Data ingestion from S3

Nowadays, there's a big chance that the training and test data are hosted in some cloud storage system. In this section, we are going to learn how to ingest data through Apache Spark from an object storage such as Amazon S3 (https://aws.amazon.com/s3/) or S3-based (such as Minio, https://www.minio.io/). The Amazon simple storage service (which is more popularly known as Amazon S3) is an object storage service part of the AWS cloud offering. While S3 is available in the public cloud, Minio is a high performance distributed object storage server compatible with the S3 protocol and standards that has been designed for large-scale private cloud infrastructures.

We need to add to the Scala project the Spark core and Spark SQL dependencies, and also the following:

groupId: com.amazonaws
 artifactId: aws-java-sdk-core
 version1.11.234
 
 groupId: com.amazonaws
 artifactId: aws-java-sdk-s3
 version1.11.234
     
 groupId: org.apache.hadoop
 artifactId: hadoop-aws
 version: 3.1.1

They are the AWS Java JDK core and S3 libraries, plus the Apache Hadoop module for AWS integration.

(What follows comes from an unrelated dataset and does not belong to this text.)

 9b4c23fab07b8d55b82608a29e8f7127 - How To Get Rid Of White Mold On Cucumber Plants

For this example, we need to have already created one existing bucket on S3 or Minio. For the readers not familiar with the S3 object storage, a bucket is similar to a file system directory, where users can store objects (data and the metadata that describe it). Then we need to upload a file in that bucket that would need to be read by Spark. The file used for this example is one generally available for download at the MonitorWare website (http://www.monitorware.com/en/logsamples/apache.php). It contains HTTP requests log entries in ASCII format. For the purpose of this example, we are assuming that the name of the bucket is dl4j-bucket and the uploaded file name is access_log. The first thing to do in our Spark program is to create a SparkSession, as follows

val sparkSession = SparkSession
    .builder
    .master(master)
    .appName("Spark Minio Example")
    .getOrCreate

In order to reduce noise on the output, let's set the log level for Spark to WARN, as follows

sparkSession.sparkContext.setLogLevel("WARN")

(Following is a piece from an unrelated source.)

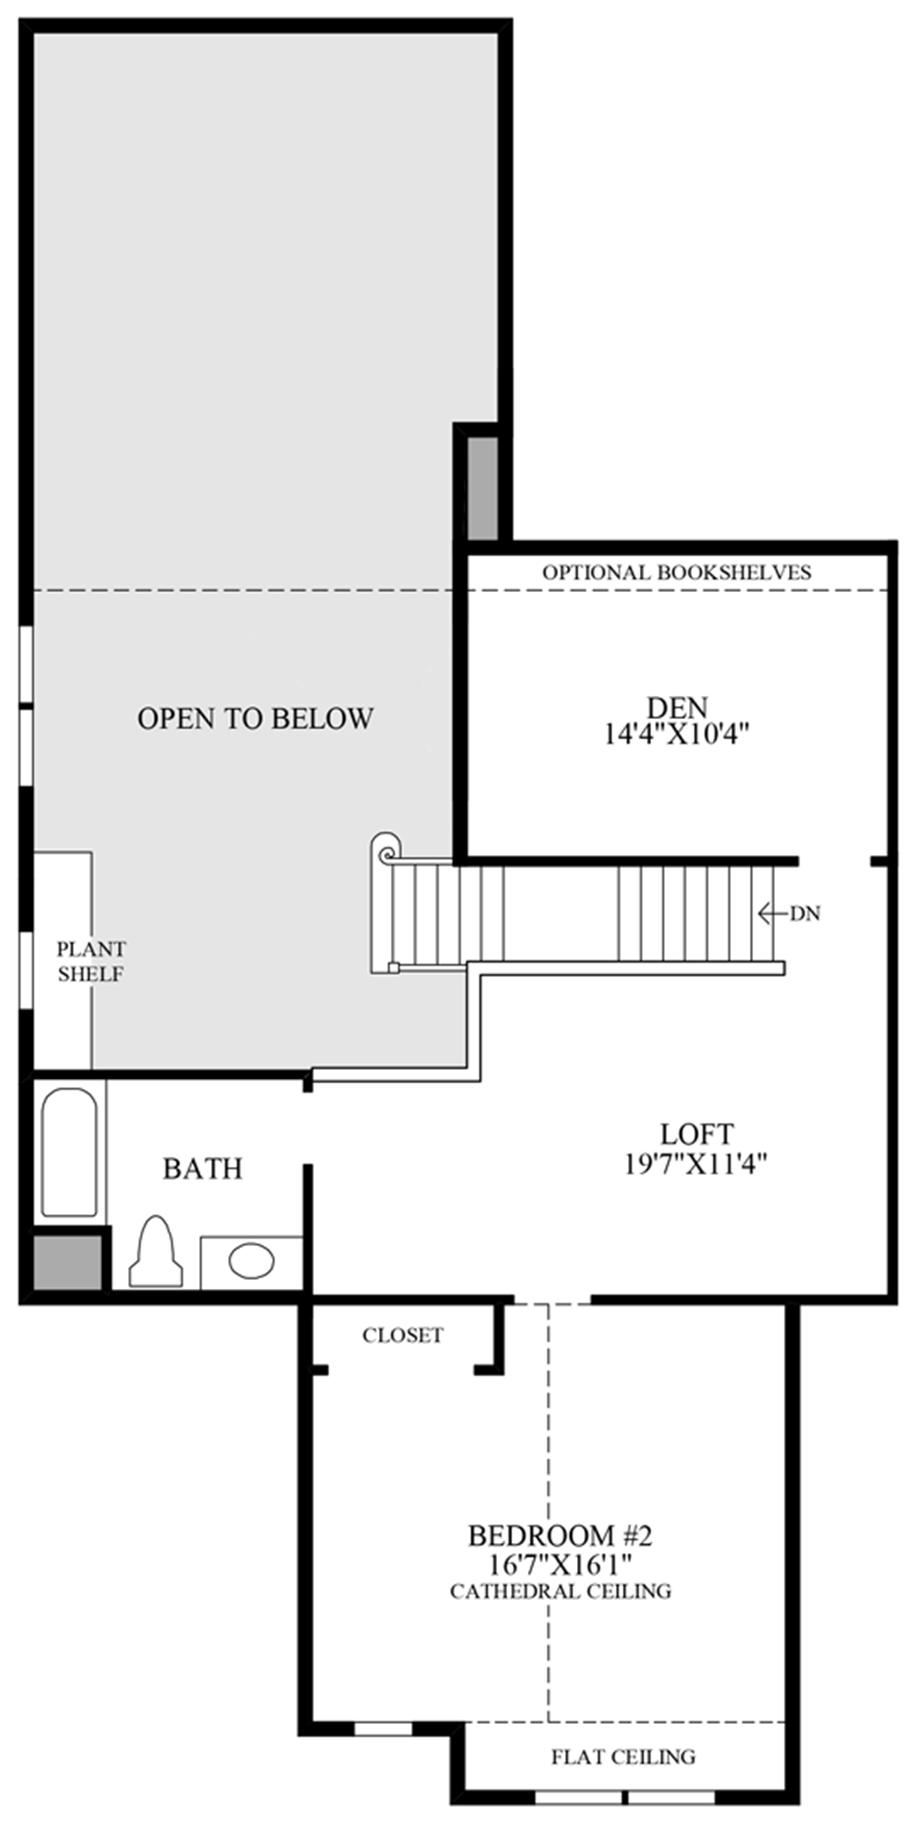 Optional Alternate 2nd Floor Floor Plan

Now that the SparkSession has been created, we need to set up the S3 or Minio endpoint and the credentials for Spark to access it, plus some other properties, as follows:

sparkSession.sparkContext.hadoopConfiguration.set("fs.s3a.endpoint", "http://<host>:<port>")
sparkSession.sparkContext.hadoopConfiguration.set("fs.s3a.access.key", "access_key")
sparkSession.sparkContext.hadoopConfiguration.set("fs.s3a.secret.key", "secret")
sparkSession.sparkContext.hadoopConfiguration.set("fs.s3a.path.style.access", "true")
sparkSession.sparkContext.hadoopConfiguration.set("fs.s3a.connection.ssl.enabled", "false")
sparkSession.sparkContext.hadoopConfiguration.set("fs.s3a.impl", "org.apache.hadoop.fs.s3a.S3AFileSystem")

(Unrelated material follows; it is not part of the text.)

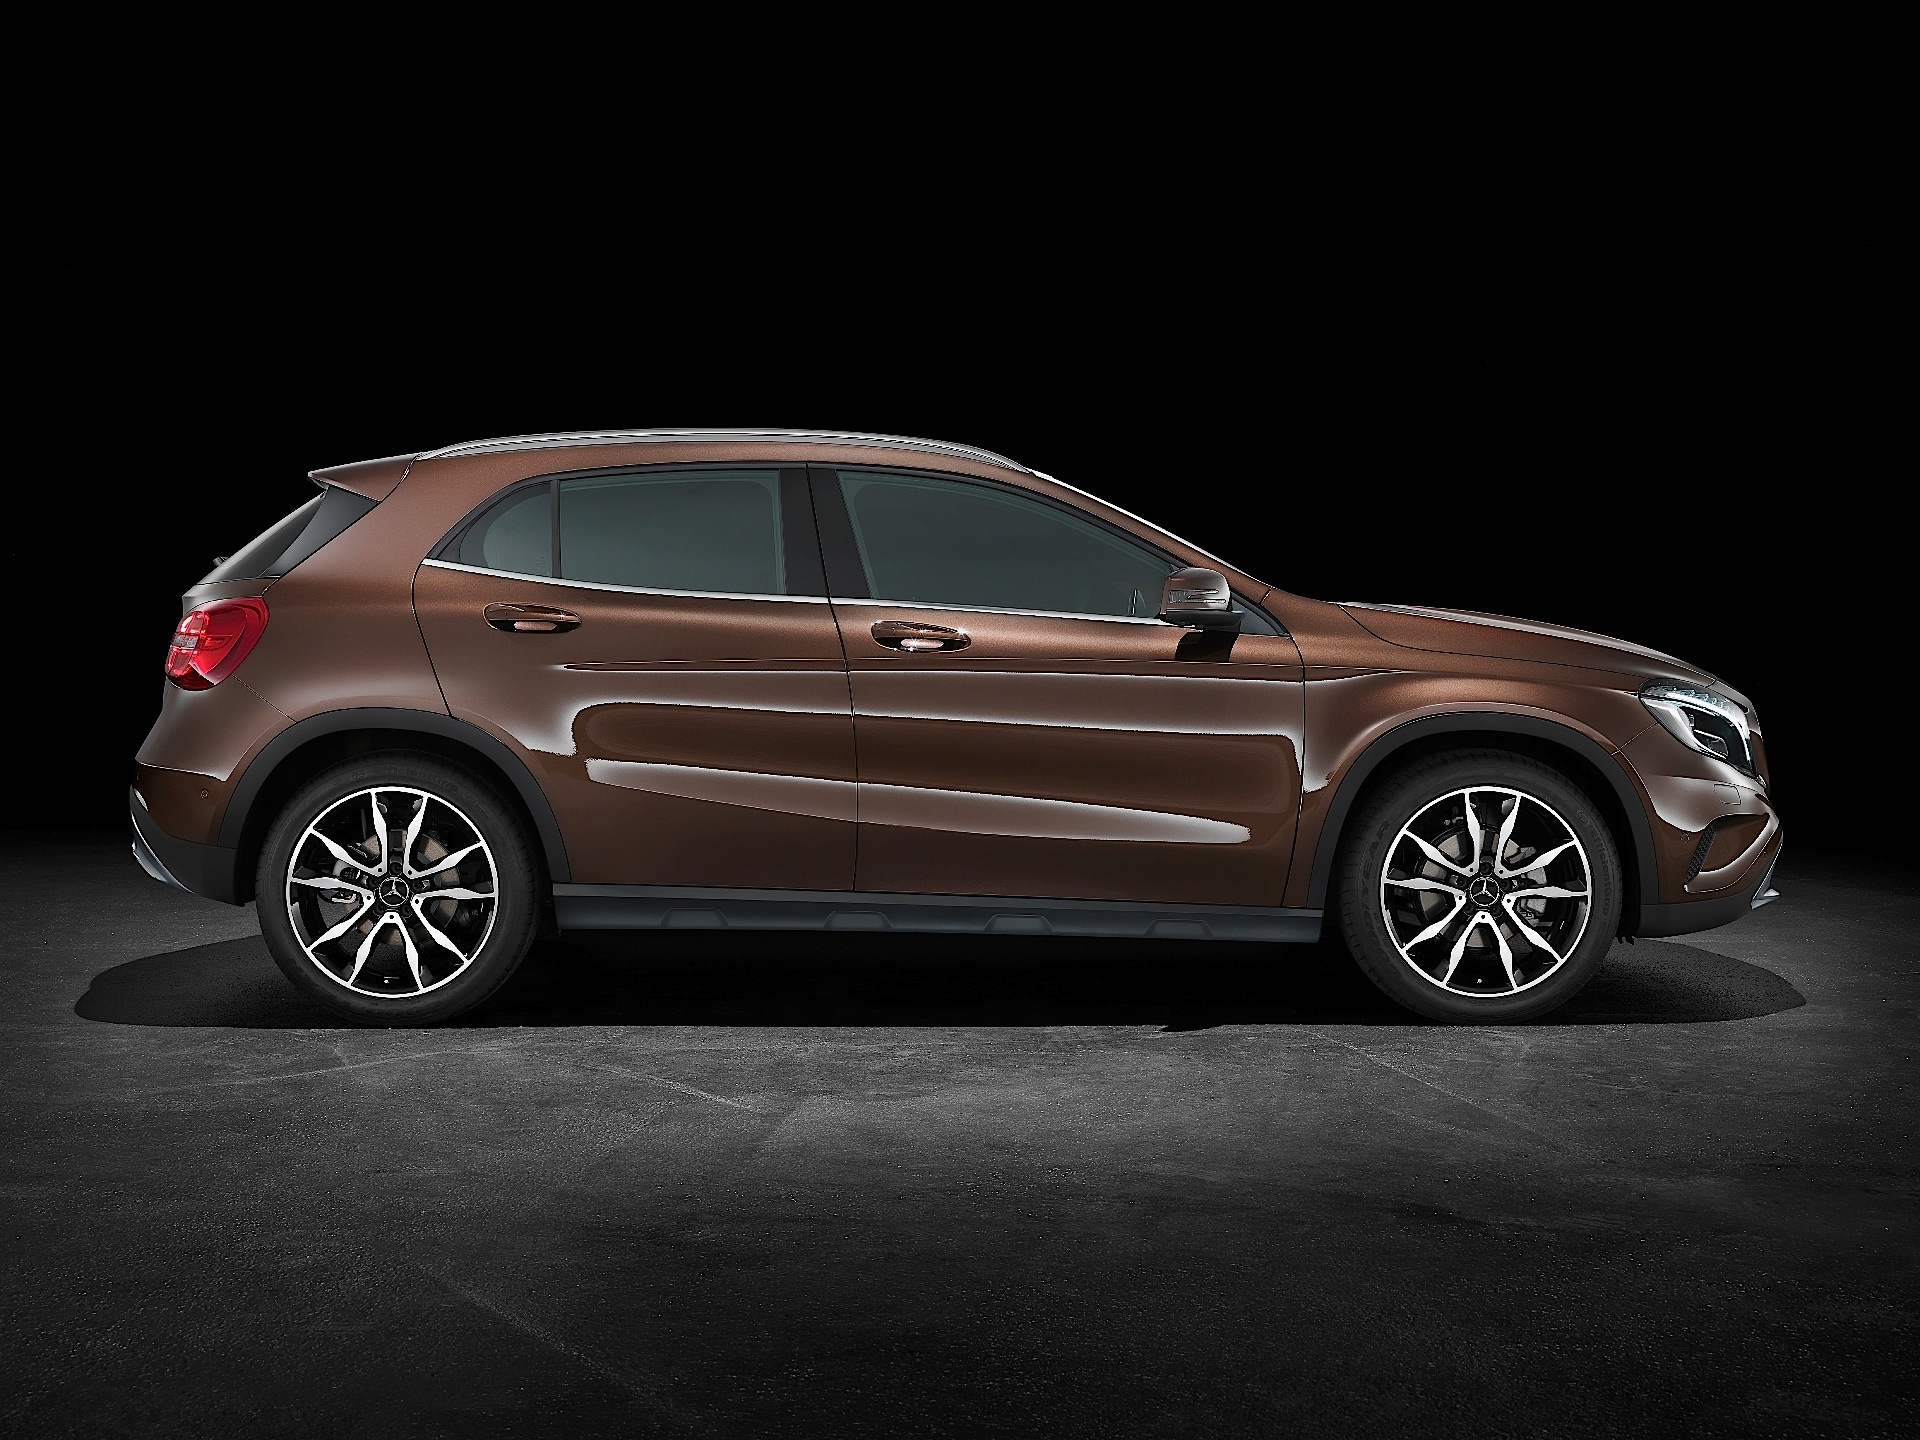 Mercedes benz gla 2013 2014 2015 2016 2017 for Mercedes benz gla 2014

This is the meaning of the properties that have been set for the minimal configuration:

fs.s3a.endpoint: The S3 or Minio endpoint.
fs.s3a.access.key: The AWS or Minio access key ID.
fs.s3a.secret.key: The AWS or Minio secret key.
fs.s3a.path.style.access: Enables S3 path style access while disabling the default virtual hosting behavior.
fs.s3a.connection.ssl.enabled: Specifies if SSL is enabled at the endpoint. Possible values are true and false.
fs.s3a.impl: The implementation class of the S3AFileSystem that is used.

We are now ready to read the access_log file (or any other file) from a S3 or Minio bucket and load its content into a RDD, as follows:

val logDataRdd = sparkSession.sparkContext.textFile("s3a://dl4j-bucket/access_log")
println("RDD size is " + logDataRdd.count)

It is also possible to convert the RDD into a DataFrame and show the content on the output, as follows:

import sparkSession.implicits._
val logDataDf = logDataRdd.toDF
logDataDf.show(10, false)

This will provide the following output:

Once data has been loaded from objects stored into S3 or Minio buckets, any operation available in Spark for RDDs and Datasets can be used.